Fire ants, a species with no redeeming value

    Newcomers to the region, watch where you step and sit!  After a rain, fire ant (Solenopsis invicta) mounds are often visible, but the absence of visible mounds does not mean an absence of fire ants.  If you kick a mound and ants come boiling out in large numbers, that’s a fire ant mound.  If an ant bite hurts immediately, and then forms a small itching bump filled with what looks like pus, that’s a fire ant bite.
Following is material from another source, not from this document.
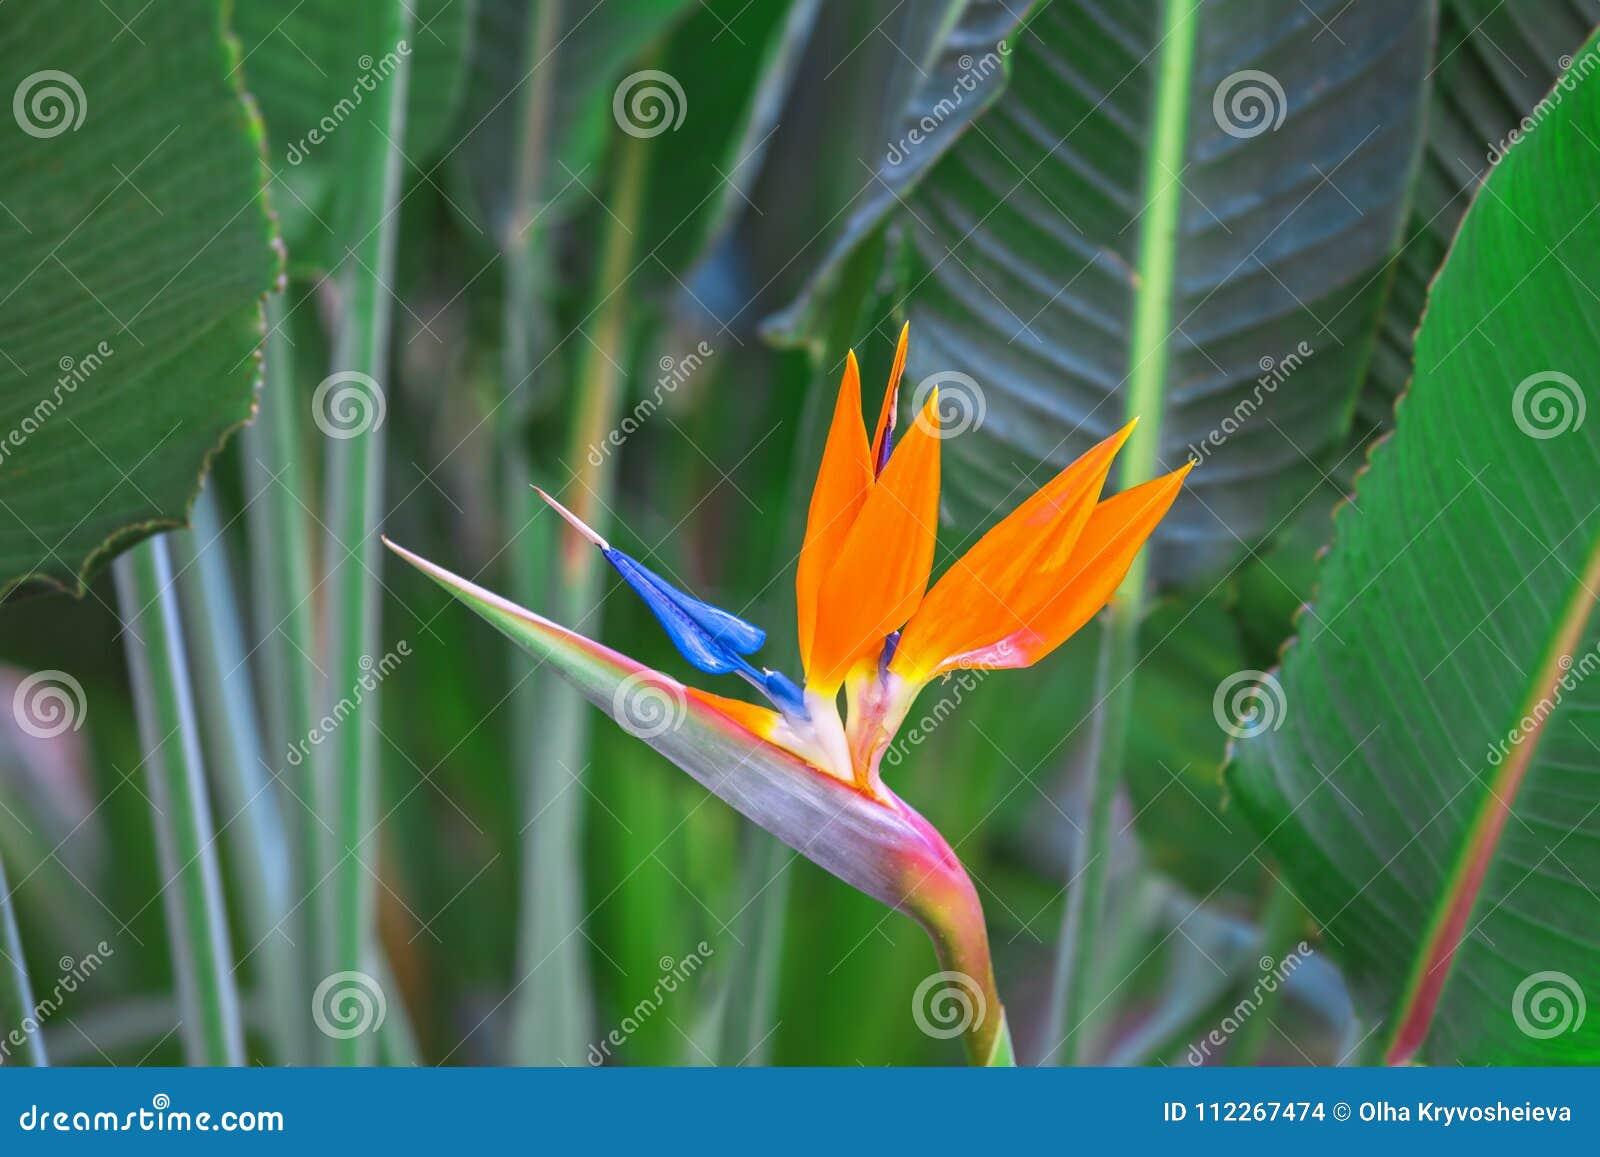 Pájaro hermoso de la flor de paraíso Reginae tropicales del Strelitzia de la flor en fondo verde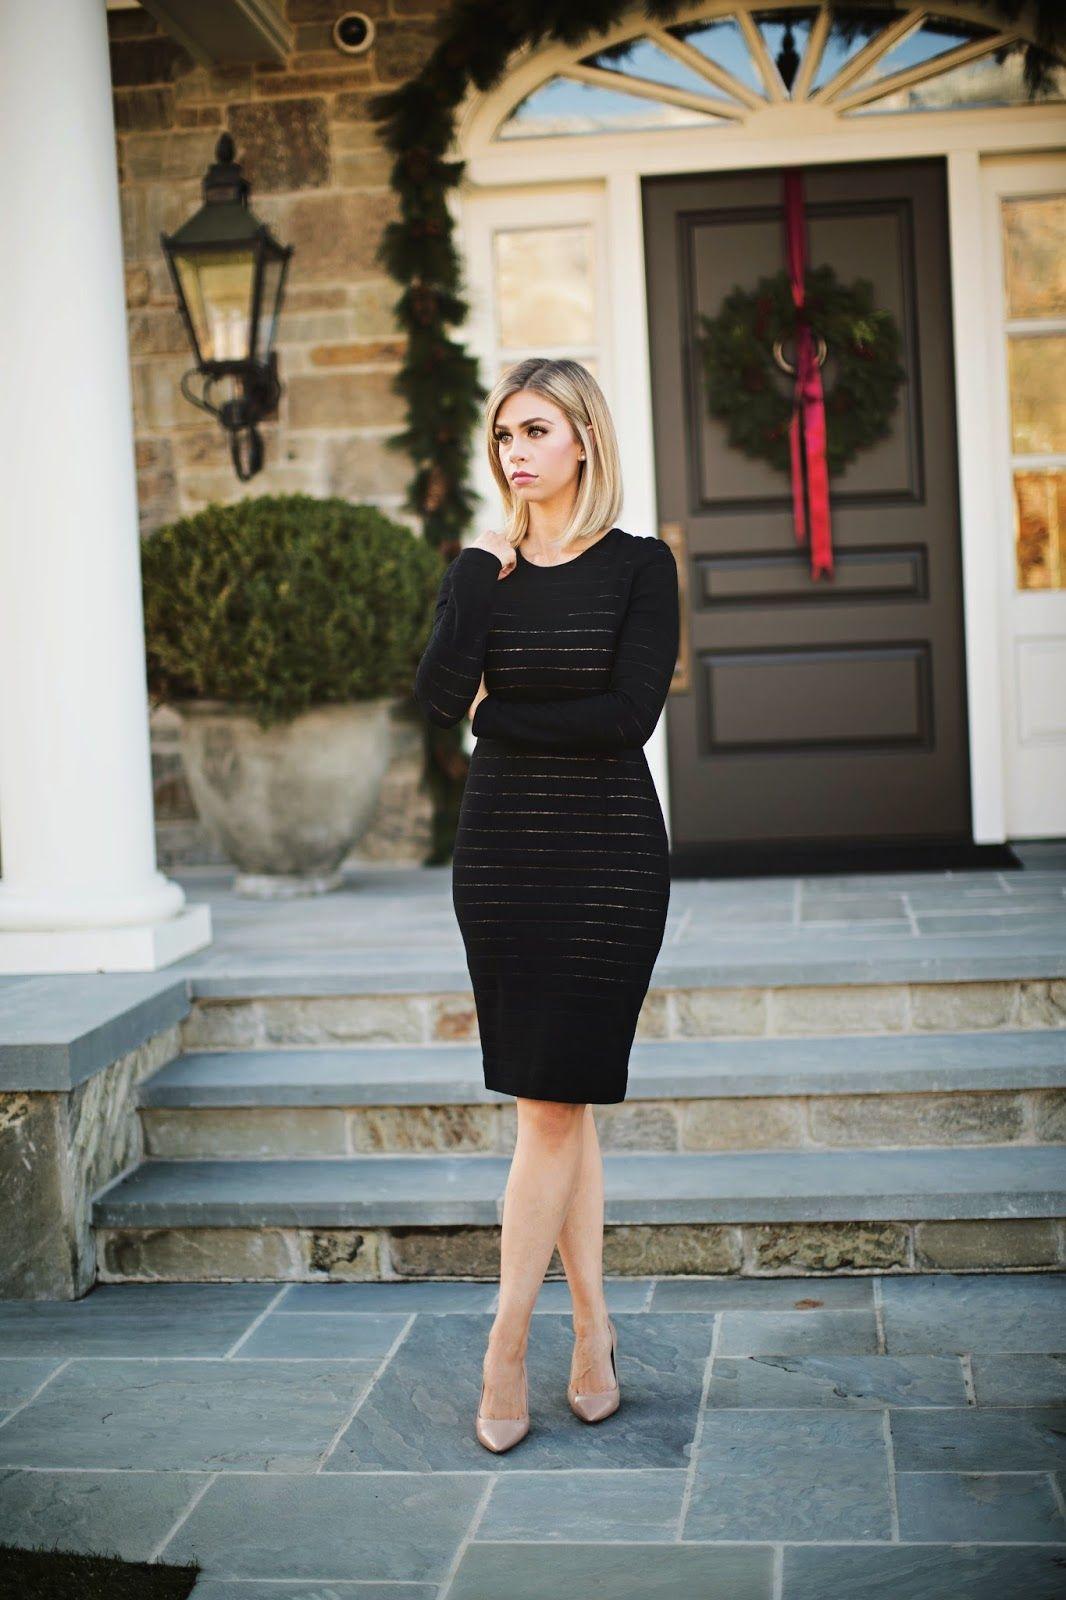 Kensington Way Outfit The Little Black Dress Fashion Little Black Dress Cute Work Outfits [ 1600 x 1066 Pixel ]

    If you find a large (0.5 to 1.0 m diameter) flat cleared area with large ants going in and out, that is NOT a fire ant mound.  It is a harvester (Pogonomyrmex) ant nest.  Harvester ants are important native seed dispersers and are becoming uncommon due to fire ants.

    Fires ants are recent invaders of this region.  They are known to have a devastating effect on native ants.  Their effect on other invertebrates has not been studied but is probably very large.  They are known to eat the nestlings of vireos, quail, and other birds that nest close to the ground.  They may be reducing the tick and chigger populations (personal observation).

    Poisoning a mound often just makes the fire ant colony move. 

    Dr. Larry Gilbert has studied this species for many years and been instrumental in the testing and release of phorid flies, a potential biocontrol agent (http://uts.cc.utexas.edu/~gilbert/research/fireants/).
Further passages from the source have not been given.